Будда учил, что всякое желание порождает страдание. Но жизнь есть желание. Принятие жизни есть принятие страдания. Однако Будда подчеркивал, что спасение от страданий зависит только от личных усилий человека. Свое беспокойство о страдании, сопровождающем жизнь, свое страдание мы не должны ограничивать одним человеческим миром. Поняв, каким образом, мы создаем себе страдания, мы можем избавиться от них. Будда разгадал тайну страдания, понял, отчего мир преисполнен горести и всевозможных бедствий. Он постиг и то, как победить страдания.

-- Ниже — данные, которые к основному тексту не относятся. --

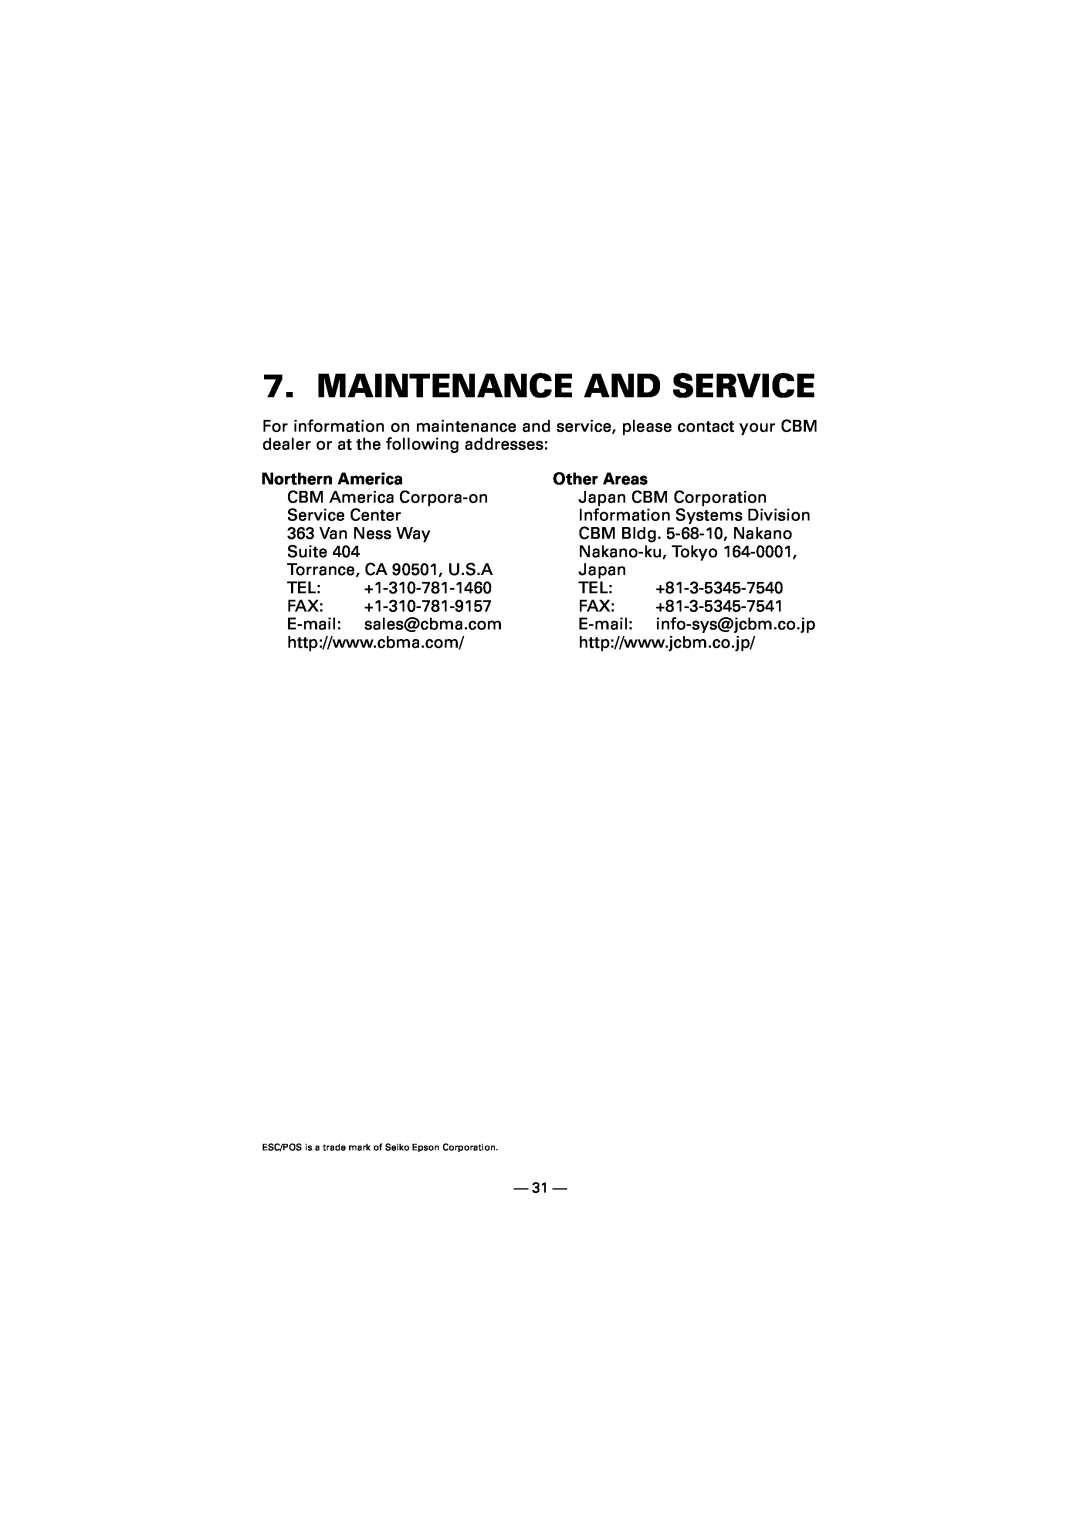 Citizen Systems CMP-10 manual Maintenance And Service, Northern America, Other Areas 
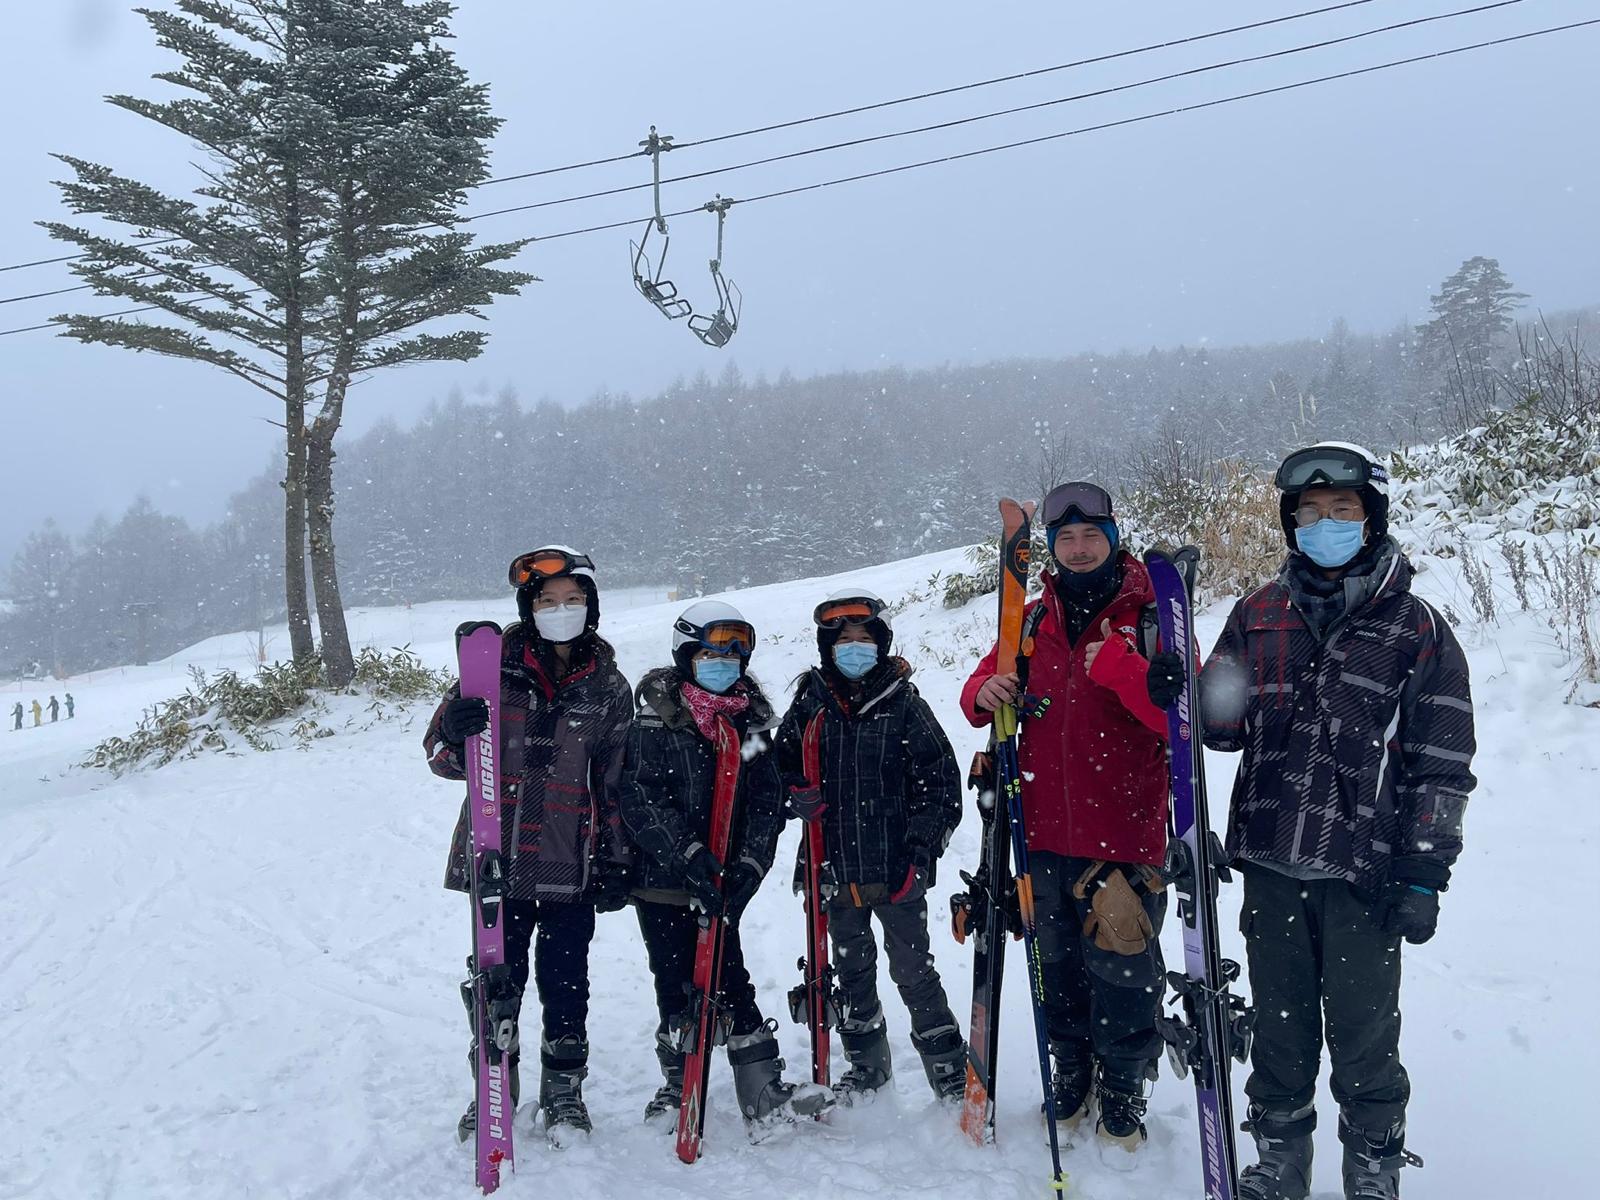 The kids first ski experience with their ski instructor - Rafal

Буддийская картина бытия представляет собой космологическую пирамиду, состоящую из 31 уровня существования. Четыре нижних уровня пирамиды отведены существам, чье сознание полностью омрачено. Люди, находящиеся на пятом уровне, оказываются как бы в подвешенном состоянии между четырьмя грубыми и шестью нежными (небесными) формами существования; 12-й и 27-й уровни являются местом пребывания Брахмы или Брахмана; 28–31-й уровни – это сфера чистой мысли, или космическое тело Будды.

Если более детально проанализировать каждый уровень буддийской картины бытия, можно увидеть, что в нее включены все учения, предшествовавшие буддизму, со всем их философским и мистическим ОГЛАВЛЕНИЕм. Вместе с тем в учении Будды сделан огромный шаг вперед благодаря сфере чистого сознания, утверждению безначальности бытия, а объяснение механизма функционирования этой пирамиды с помощью законов, сформулированных Буддой, сделало данное учение наиболее завершенным и жизнеспособным. Впоследствии учение Будды было также поглощено и стало частью индуизма, но это случилось после VII в. до н.э., к тому времени буддизм уже прижился в других странах Азии, а в Индии сохранился как конфессиональная общность, став кастовым сегментом индийского общества.

В буддизме, судя по всему, нет собственно антропологической темы. В нем главенствует безличный мировой процесс жизни, который противостоит страстям и стихийным порывам людей, накладывая на них свои державные оковы. Личность с ее спонтанным внутренним складом, самопроизвольными устремлениями как бы выпадает из него. В самом деле, можно ли размышлять о человеке, не обращаясь к бытию Бога, бессмертию души или свободе духа? Индивид, воспитанный в европейской духовной традиции, не задумываясь, ответил бы на этот вопрос отрицательно. Названные темы действительно отсутствуют в буддизме.

Однако парадокс, требующий разъяснения, состоит именно в том, что, несмотря на отстраненность от персоналистских сюжетов, традиционных для западной философии, буддизм одухотворен святынями добра, любви к людям, заключает в себе идею духовной раскрепощенности и нравственного благородства. Эта вера преобразила жизнь народов Азии, осветив их цивилизованный путь иным провозвещением духа, не соотнесенным с ориентирами европейской культуры.

В буддизме говорится о таких личностях, которые по своему духовному строю возвышаются над прочими людьми. Их именуют святыми и даже богами, но они совсем не выпадают из пределов существующего мира. Им не дано преодолеть законы безличных кармических сил. Напротив, эта всеобщая сопричастность, неразделенность с космосом других живых существ позволяет им достичь духовного величия. Улавливая ритмы Абсолюта, они воплощают в себе идею человеческой предназначенности.

Европейский человек полагает, что личность рождается только тогда, когда индивид осознает свою обособленность, неповторимость. Буддистское учение, напротив, выдвигает прямо противоположные установки и предлагает устранение индивидуального своеобразия. Казалось бы, на этом пути принципиально невозможно раскрыть тайну человека. Однако именно в древнеиндийском сознании родилось обостренное внимание к психологическим и нравственным ресурсам человека. Неслучайно, осмысливая антропологические перспективы мира, западные философы обратили свой взор к восточной традиции, находя здесь вдохновение для персоналистской рефлексии.